Additional challenges exist for annotating IMU data in the presence of more than one user while using audio as the auxiliary modality. First, when more than one users perform activities simultaneously under the same environment, the audio signals from respective activity sources get convoluted. Albeit audio-based HAR models [11] return a set of activities with the corresponding confidence scores; however, it is challenging to separate the activity boundaries directly from such models. This challenge mainly stems from external non-human noises, which force the model to detect spurious activities and activities with low confidence. Side by side, IMU streams produce highly fluctuating and noisy signals, which make it challenging to extract the activity boundaries directly from the IMU. Finally, in the presence of more than one user performing multiple activities simultaneously, the acoustic signal alone cannot determine who is doing what, which is essential to annotate the IMU data stream captured from the individual users.

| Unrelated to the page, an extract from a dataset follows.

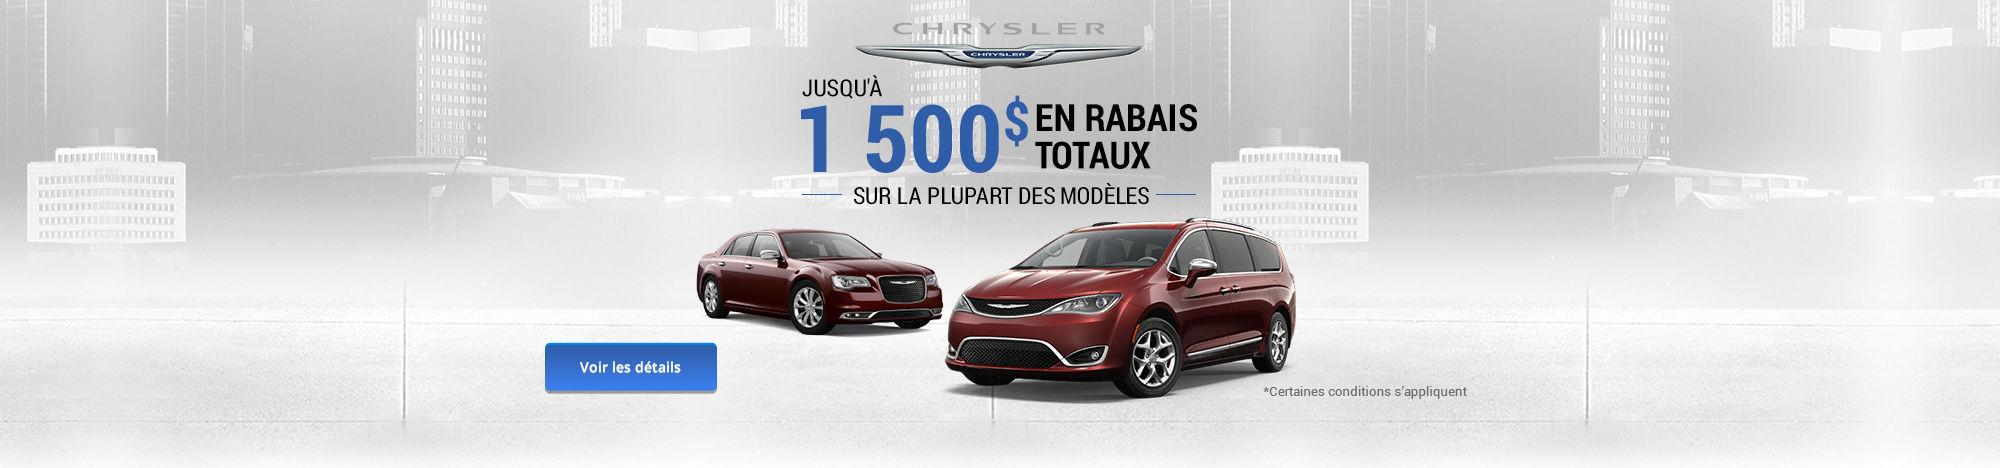 1 500$ en rabais totaux - Chrysler

Owing to these challenges, we extend LASO in this paper for supporting dual user activity annotation from acoustic signatures. Although a dual user setup does not generalize the activity annotation problem for a complete multi-user setup, acoustic-based activity annotation over a dual user setup is not straightforward and is the foremost step towards this generalization. Further, in a realistic environment, it is seldom the scenario when many users perform activities simultaneously within a common acoustic setup; the dual user case can itself cover a significant portion of the use-cases [16] .

In contrast to the existing works, the contributions of this paper are as follow.

(1) Unsupervised activity to user mapping in a dual user setup: Accoustate exploits the activity acoustic patterns in a dual user setup to map an activity to a user through unsupervised joint analysis of acoustic and IMU signals (Section IV). The crux behind the design of the proposed method, called Accoustate, is that the sounds produced from human activities are not continuous [17] and are generated from specific granular micro-activities. For example, in a smart kitchen during the activity cooking, no sound may be produced when the user is carrying a frying pan. Indeed, when the frying pan is used to fry something, a distinctive sound will be produced.

(2) Unsupervised labeling of IMU data from pretrained acoustic-based HAR model: Accoustate intelligently utilizes the unsupervised nearest-neighbor model to annotate the activities associated with individual IMU change-points. For this purpose, we utilize pre-trained audio-based HAR models, which are lightweight and thus run over an edge device, preserving data privacy.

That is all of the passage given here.